Try converting stopwords to a set. Using a list, your approach is O(n*m) where n is the number of words in text and m is the number of stop-words, using a set the approach is O(n + m). Let's compare both approaches list vs set:
import timeit
from nltk.corpus import stopwords
def list_clean(text):
stop_words = stopwords.words('english')
return [w for w in text if w.lower() not in stop_words]
def set_clean(text):
set_stop_words = set(stopwords.words('english'))
return [w for w in text if w.lower() not in set_stop_words]
text = ['the', 'cat', 'is', 'on', 'the', 'table', 'that', 'is', 'in', 'some', 'room'] * 100000
if __name__ == "__main__":
print(timeit.timeit('list_clean(text)', 'from __main__ import text,list_clean', number=5))

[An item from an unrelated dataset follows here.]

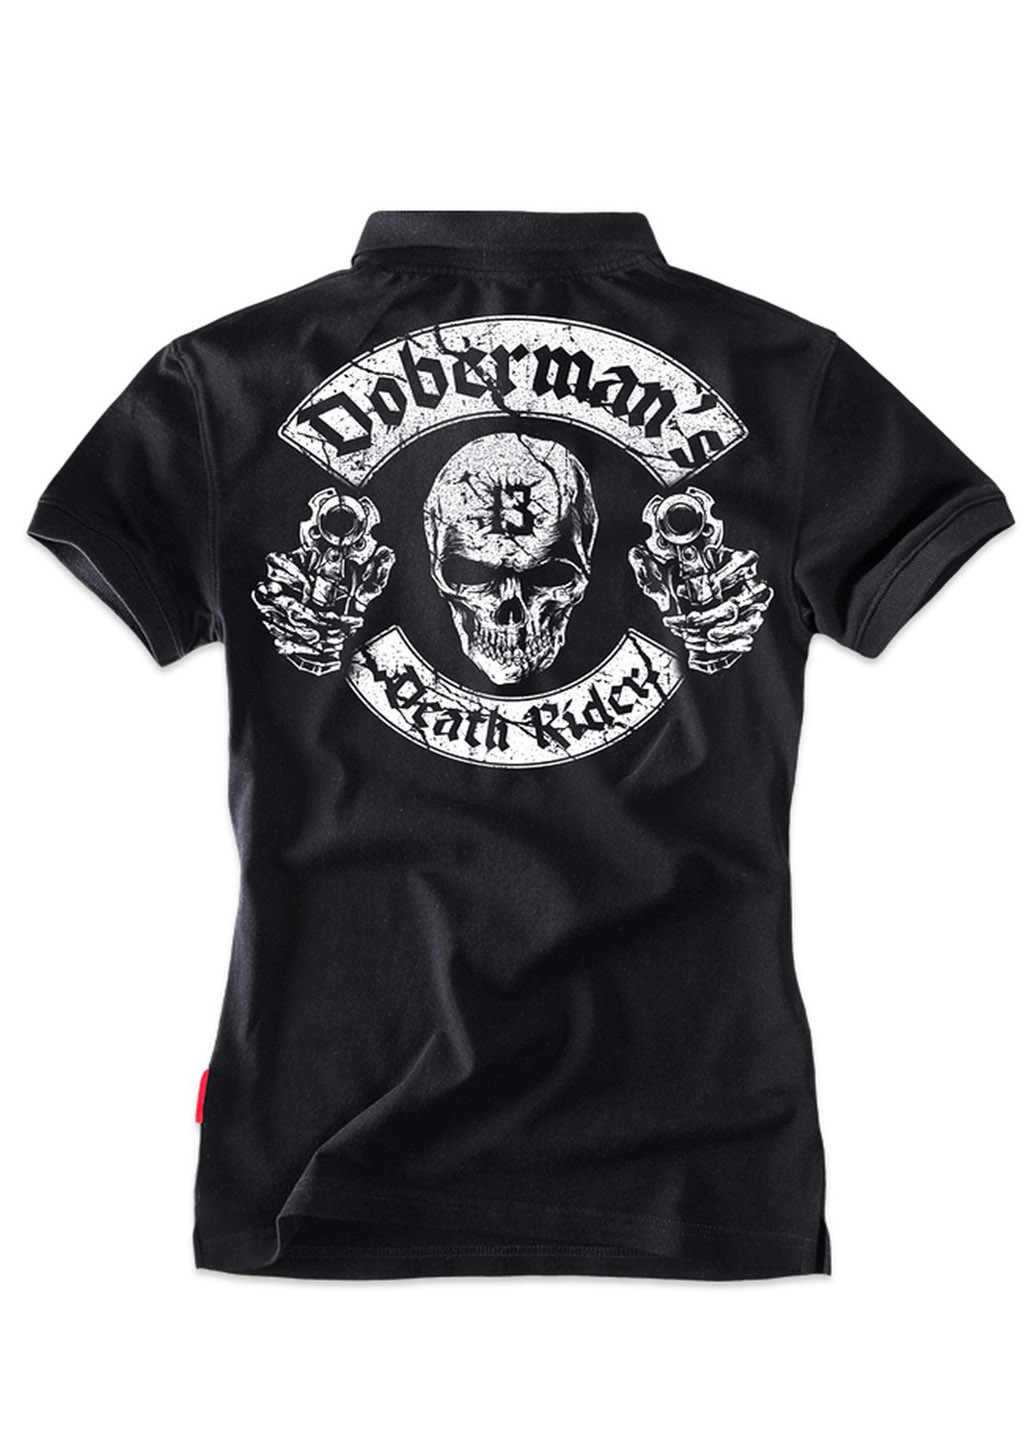 Черная женская футболка-футболка поло dobermans death rider colt tspd141bk Dobermans Aggressive

print(timeit.timeit('set_clean(text)', 'from __main__ import text,set_clean', number=5))
Output
7.6629380420199595
0.8327891009976156
In the code above list_clean is a function that removes stopwords using a list and set_clean is a function that removes stopwords using a set. The first time corresponds to list_clean and the second time corresponds to set_clean. For the given example the set_clean is almost 10 times faster.
UPDATE
The O(n*m) and O(n + m) are examples of big o notation, a theoretical approach of measuring the efficiency of algorithms. Basically the larger the polynomial the less efficient the algorithm, in this case O(n*m) is larger than O(n + m) so the list_clean method is theoretically less efficient than the set_clean method. This numbers come from the fact that search in list is O(n) and searching in a set takes a constant amount of time, often referred as O(1).